Видишь, встаёт из глубины
свет,
чуешь, дрожит нервами свай
мост? –
это спешат, пряным ветрам
вслед,
пить небеса братства морских
звёзд.
* * *
Полыхнули салютами яблони,
заклубили свой марочный туш,
проникая свечением в заболонь
засуровевших за зиму душ.
Побежали со смехом и песнями
по услонам к раскату реки,
дружно юркая под лежевесные,
разомлевшие в банях дымки.
И, как дети, что по воду посланы,
красотой и свободой хмельны,
расплескались в кружащейся посолонь
безоглядной стихии весны.
* * *
Роняет штукатурку парапет,
желтеет в лужах мёртвая вода.
У пересохших рек названий нет –
к чему тут эта надпись у моста?
В пустое русло сколько ни входи –
всё так же глух и неподвижен зной,
лишь стоны чайки, сбившейся с пути,
окатят вдруг солёною волной.
Я имя и черты твои забыл,
брожу средь битых стёкол и камней.
Мелеет память – остаётся ил,
прольётся туча – вырастет репей.
* * *
Этот октябрь долгих слёз не лил –
метлой в тишине пошаркав,
в миг приглушил морозом белил
жгучую клёнопись парков.
Каждым листом, брошенным в прах,
выдал поэтам расписку
о предстоящих и прошлых долгах.
Шепнул: навестите близких!
Грачом на прощанье зыркнул в окно,
набил облепихой корзинки.
Бросил: достанешь из глаза бревно –
в чужом разглядишь слезинку.
* * *
Приморское кафе, осенний вечер,
читательница северных кровей.
Она уедет, не дождавшись встречи,
оставив книгу весточкой своей.
Под утро ветер долистает том,
и кто-то зафрахтованный туманом
поставит точку в бархатном романе
протяжным астматическим гудком.
Безбожное
Жизнь – курьёзная задача
с неизбежным неизвестным,
о котором звёздным плачем
до зари пророчит бездна.
Жизнь – кружение по лужам
с выраженьем: неужели
я кому-то всё же нужен
там, над жалким отраженьем?
Если только без бравады
и дежурных философий,
то куда кромешней ада
аннулированный профиль.
Оттого, как ни жестоко,
бытие – самопродажа
всё равно какому богу –
лишь бы душеньку уважил.
Жизнь – сизифова гримаса,
средство, сделавшее целью
обращенье биомассы
в ненасытной карусели;
драма чувствующей вещи,
части, борющейся с целым;
пьеса с душной и зловещей
немотой прощальной сцены.
Посему, как ни тоскливо,
остаётся вечерами,
лакируя вирши пивом,
перелистывать программы
и сгорать в любовных гонках,
принимая за удачу
заражение потомков
генетической задачей.
Шлюха
Она шлюхой была, и к стихам её слух не привык.
Стала горем она, всех детей схоронившая разом.
Где злорадство твоё, настигающий плетью язык?
Что лопочешь, краснея, миры постигающий разум!
Но огромнее самых немыслимых тайн бытия –
почему, глядя ввысь, на последнем, казалось, дыханье,
чтоб минула других невозможная чаша сия,
умоляла она побежавшими лавой… стихами.
И когда я губами к челу сиротины прирос,
за бессилье своё извиняясь слезой забулдыги,
загорелась в снегу её некогда рыжих волос
мне спасительной ересью ум опалившая книга.

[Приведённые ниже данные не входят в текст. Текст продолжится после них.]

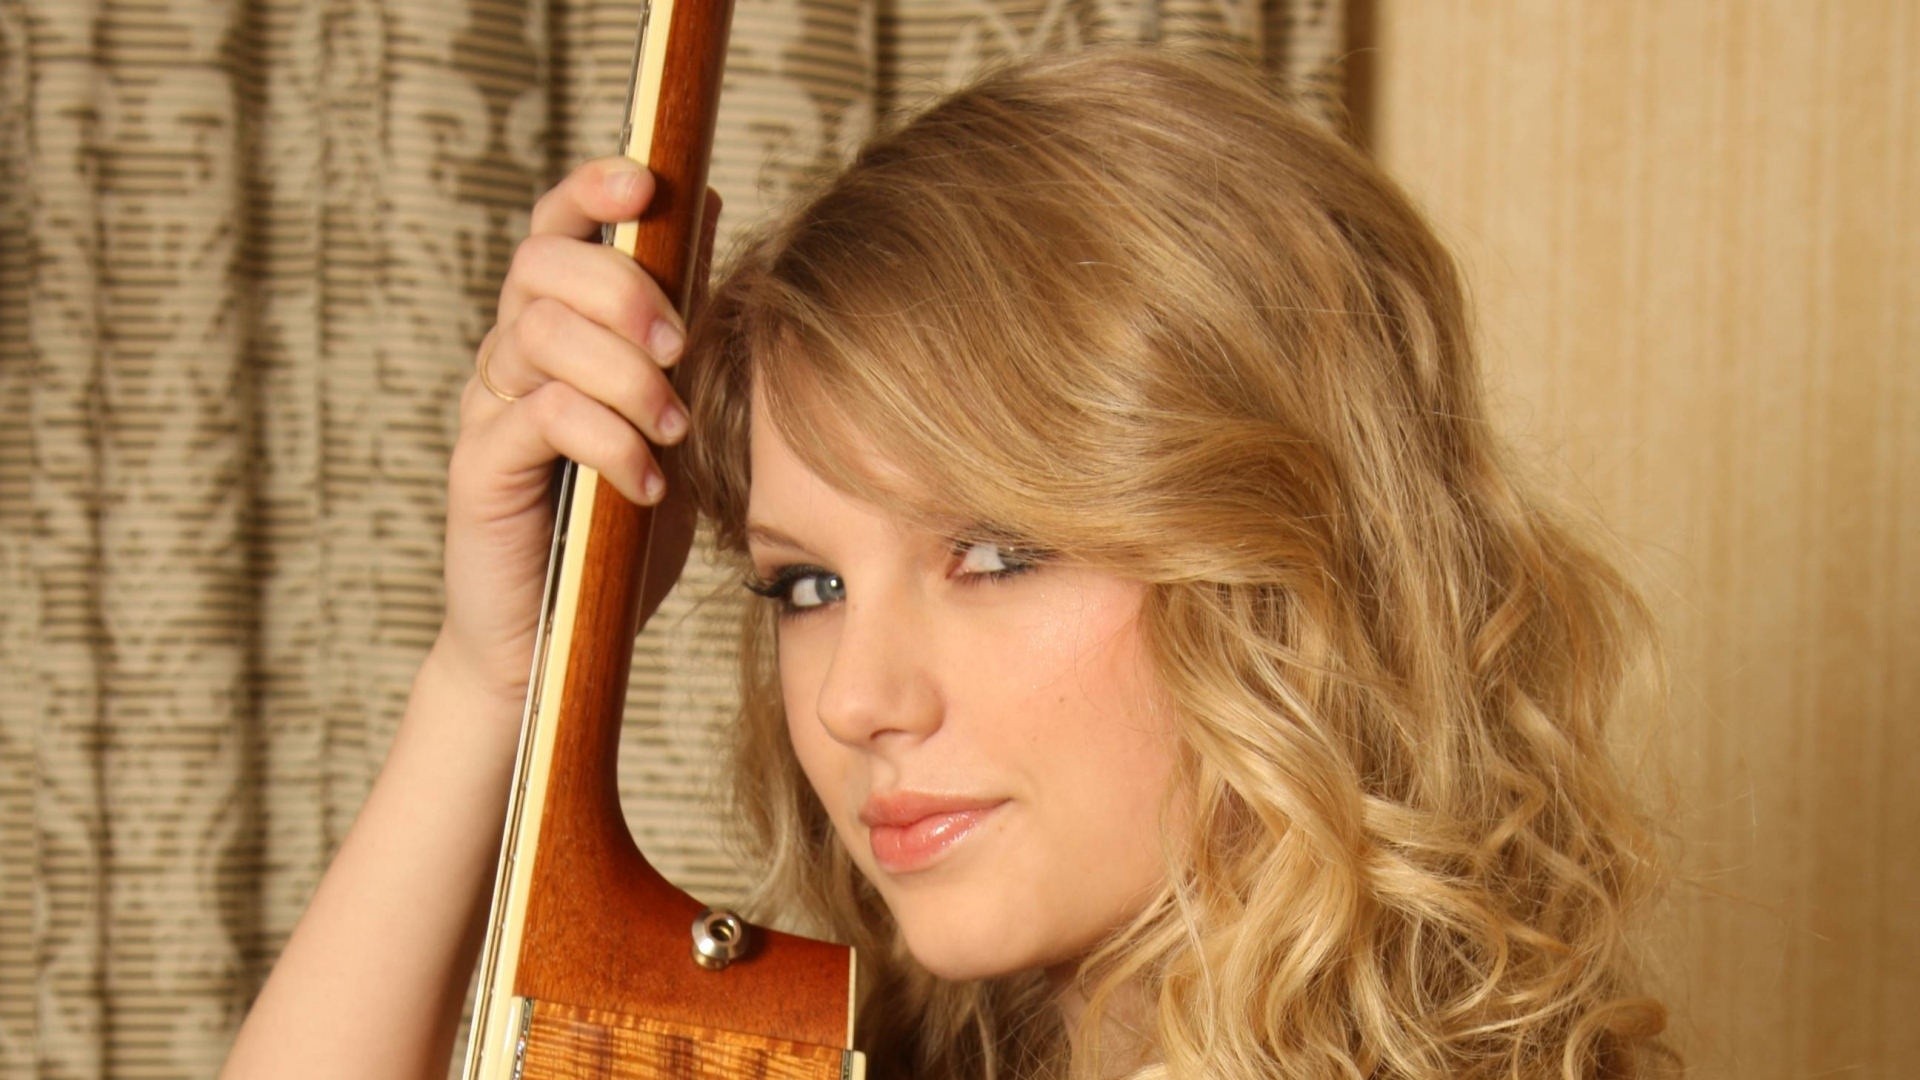 blondes, women, Taylor Swift, celebrity, guitars - desktop wallpaper

Словно в душном хмелю, я запретные главы читал,
и мелькали зонты, и глядели прохожие косо.
И хрипела душа, прозревая начала начал,
и ответами сами собой становились вопросы.
Не с того ль так угрюмо мятежны людские грехи,
и не то ли усобице духа и плоти причиной,
что безумству меча и слепящему поту сохи,
оглоушив свободою, нас небеса поручили?
Чтоб, свой жребий признав анфиладой обид и потерь
и не выискав правды кричащими в ночи глазами,
властелину судеб с безыскусностью малых детей
мы реальность его в покаянных стихах доказали,
дабы он, отряхнувший морщины сомнений с лица,
мог, с твореньем своим уговор соблюдая священный,
разодрав на куски монастырскую робу отца,
наконец утолить материнскую жажду прощенья.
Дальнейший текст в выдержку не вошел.